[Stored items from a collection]
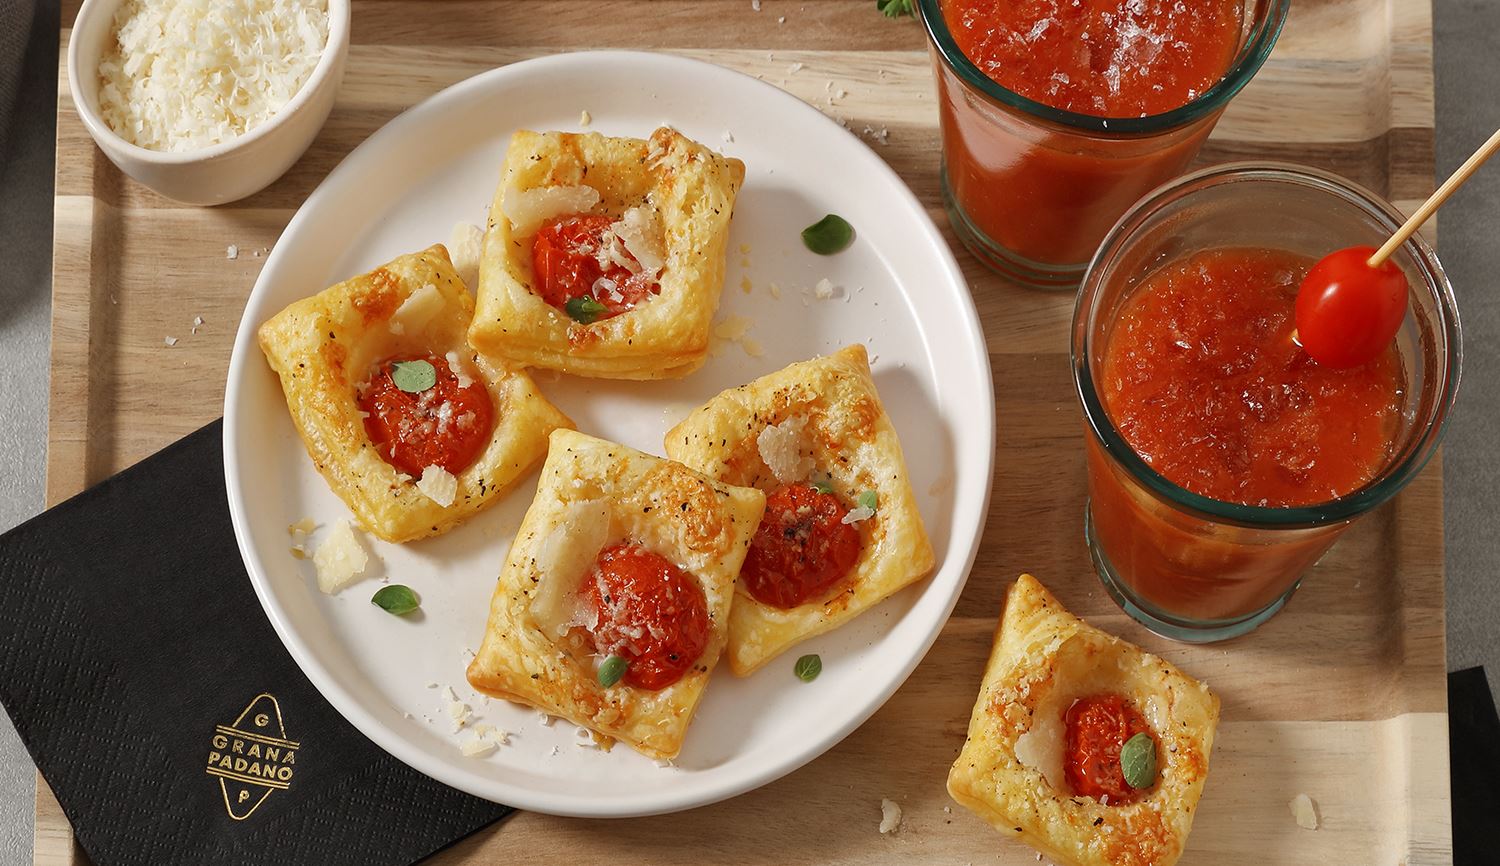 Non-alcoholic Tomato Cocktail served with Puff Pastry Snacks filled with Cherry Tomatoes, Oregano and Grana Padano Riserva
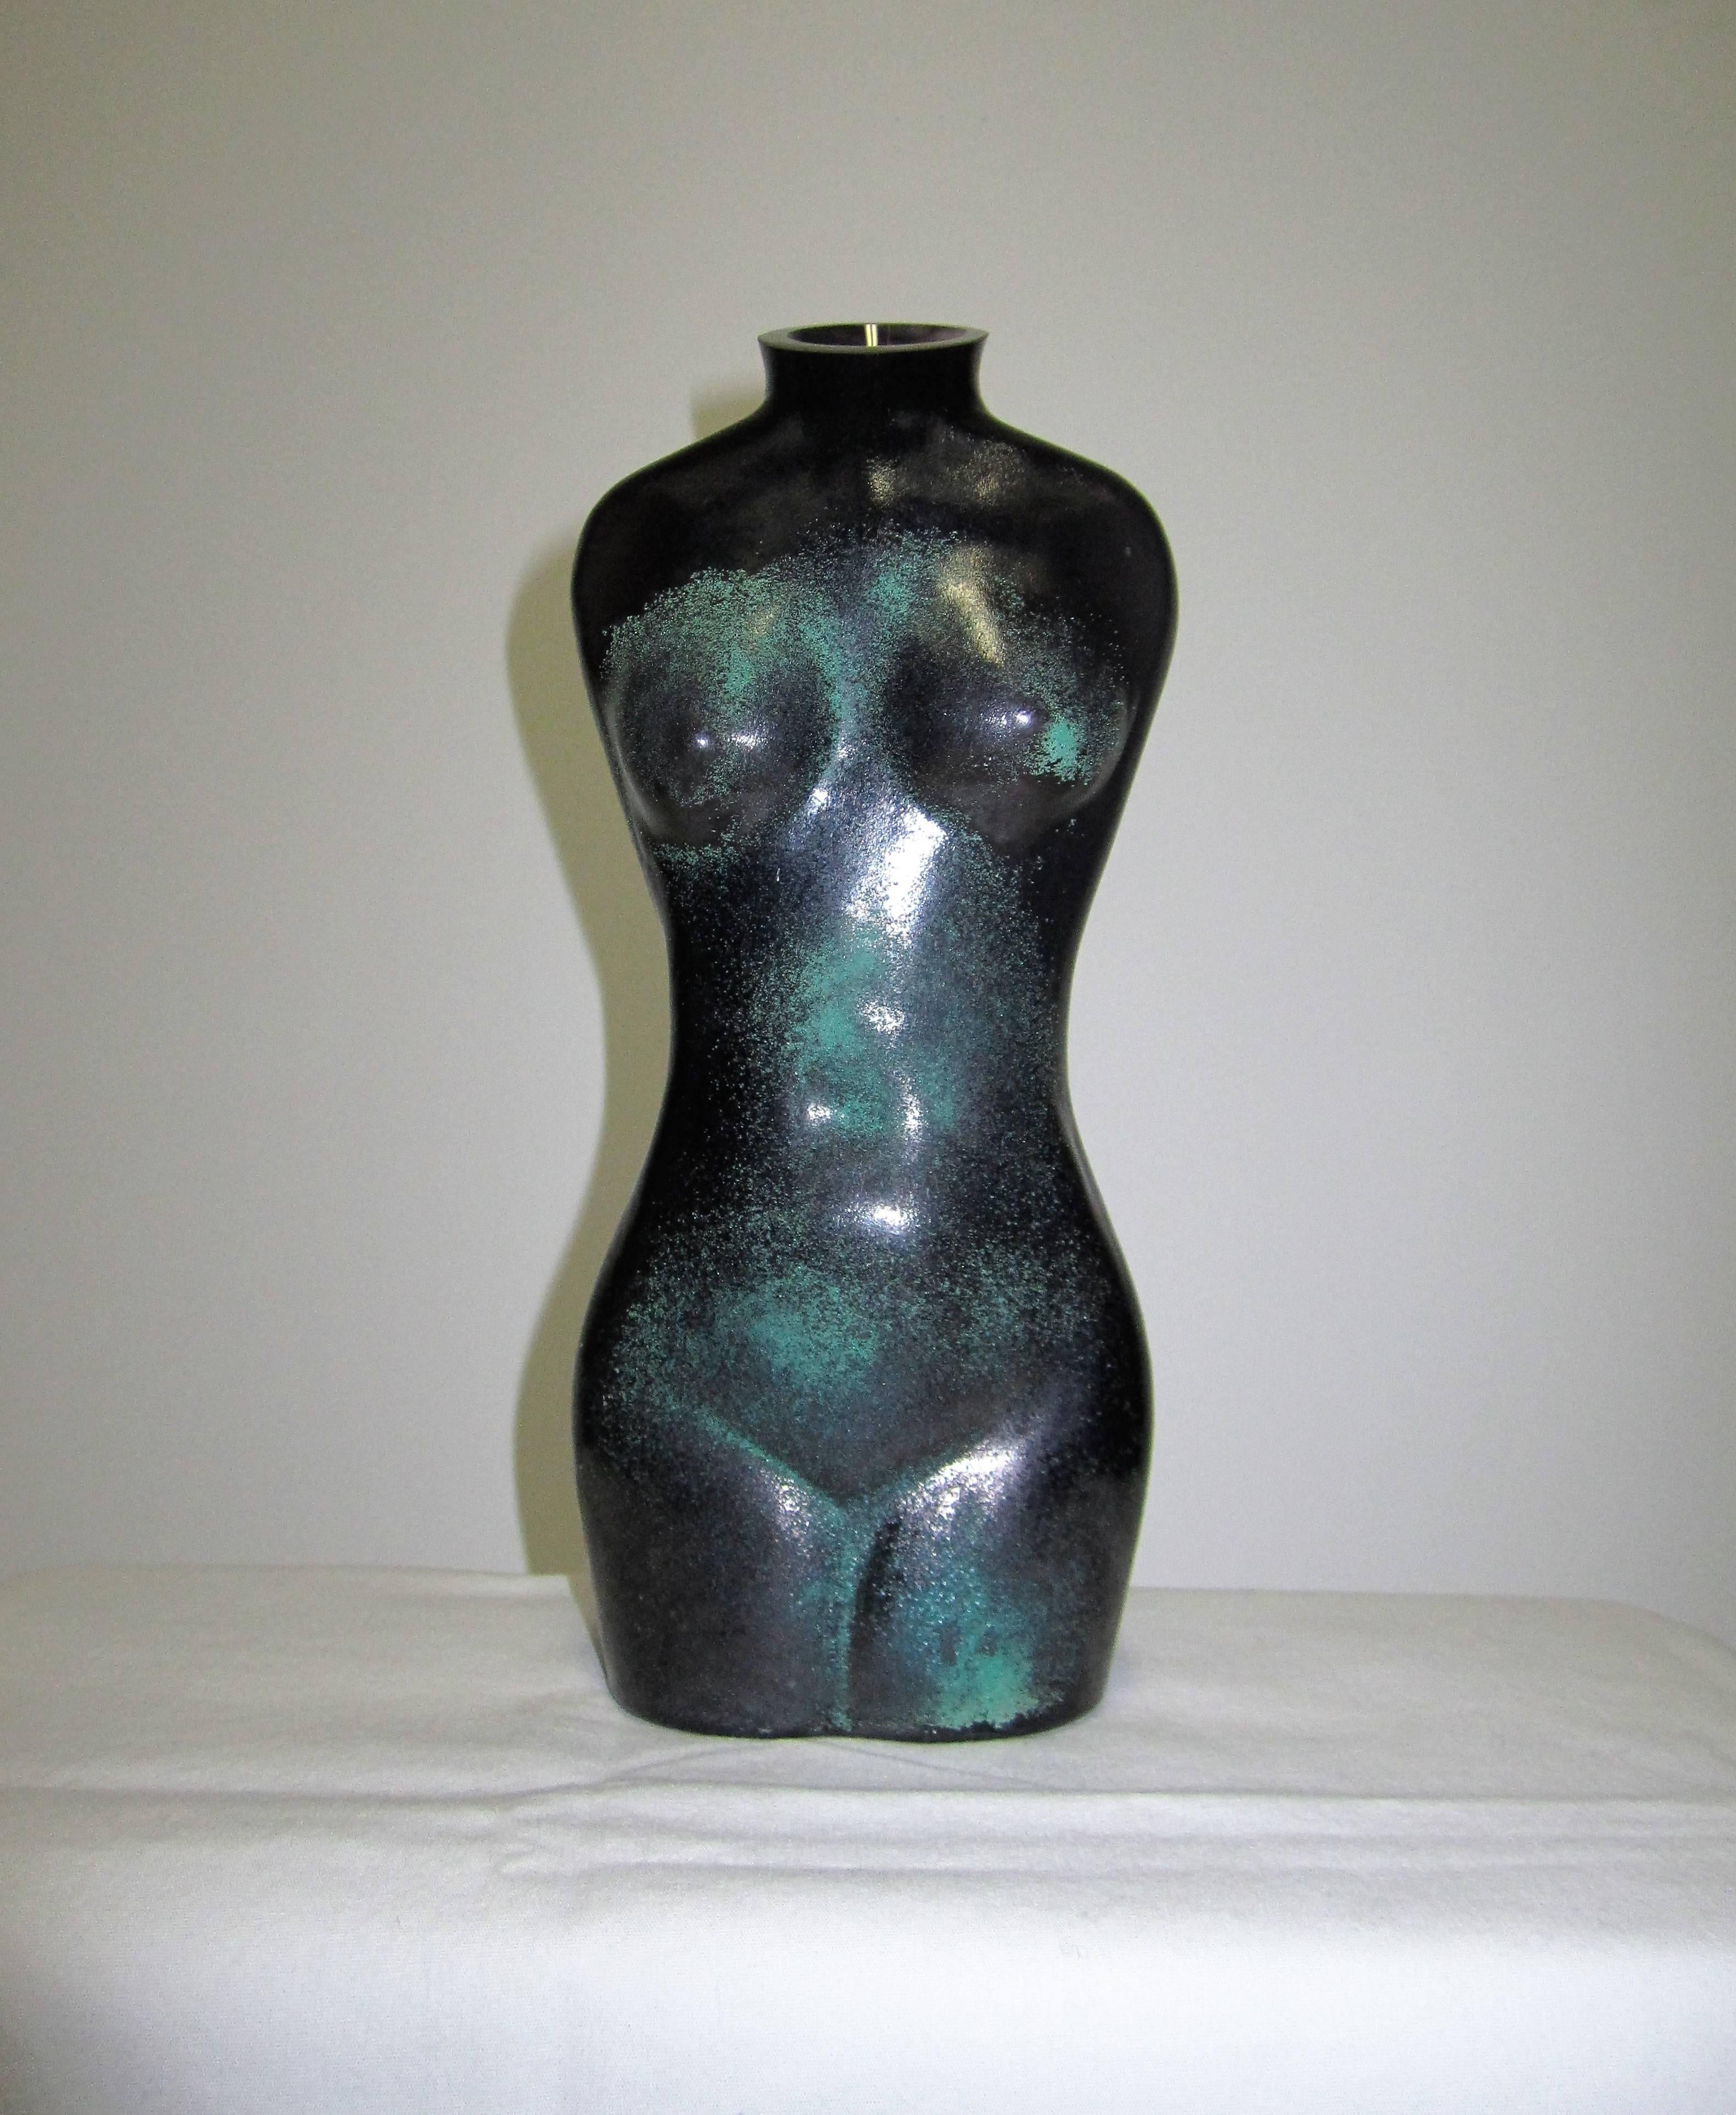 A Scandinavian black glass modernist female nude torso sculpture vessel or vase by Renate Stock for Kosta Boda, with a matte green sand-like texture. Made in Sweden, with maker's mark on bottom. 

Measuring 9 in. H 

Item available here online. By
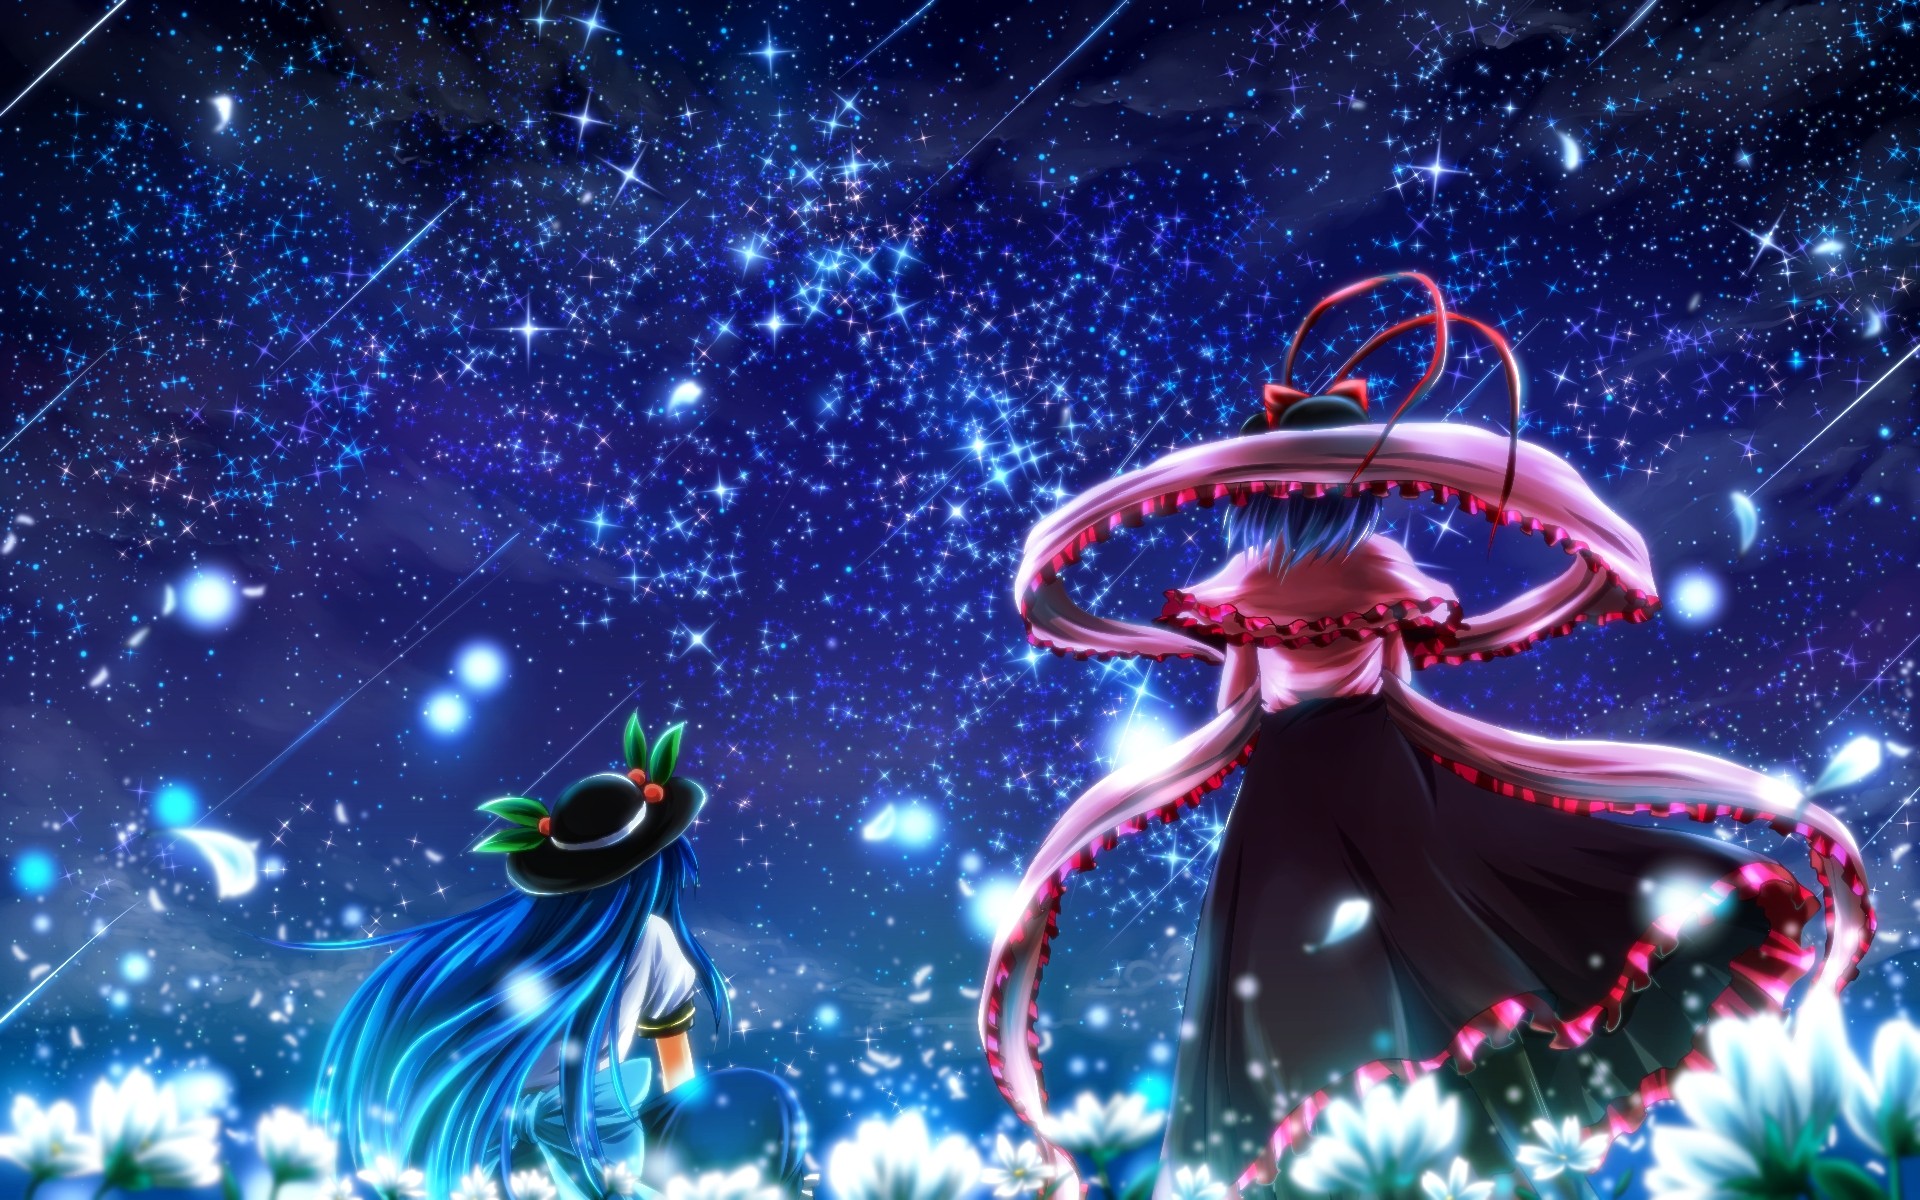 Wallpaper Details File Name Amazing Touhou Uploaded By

Problem to work on: Print every line above exactly. Leave the pictures out.

Completed exercise:
 Non-alcoholic Tomato Cocktail served with Puff Pastry Snacks filled with Cherry Tomatoes, Oregano and Grana Padano Riserva
 A Scandinavian black glass modernist female nude torso sculpture vessel or vase by Renate Stock for Kosta Boda, with a matte green sand-like texture. Made in Sweden, with maker's mark on bottom. 

Measuring 9 in. H 

Item available here online. By
 Wallpaper Details File Name Amazing Touhou Uploaded By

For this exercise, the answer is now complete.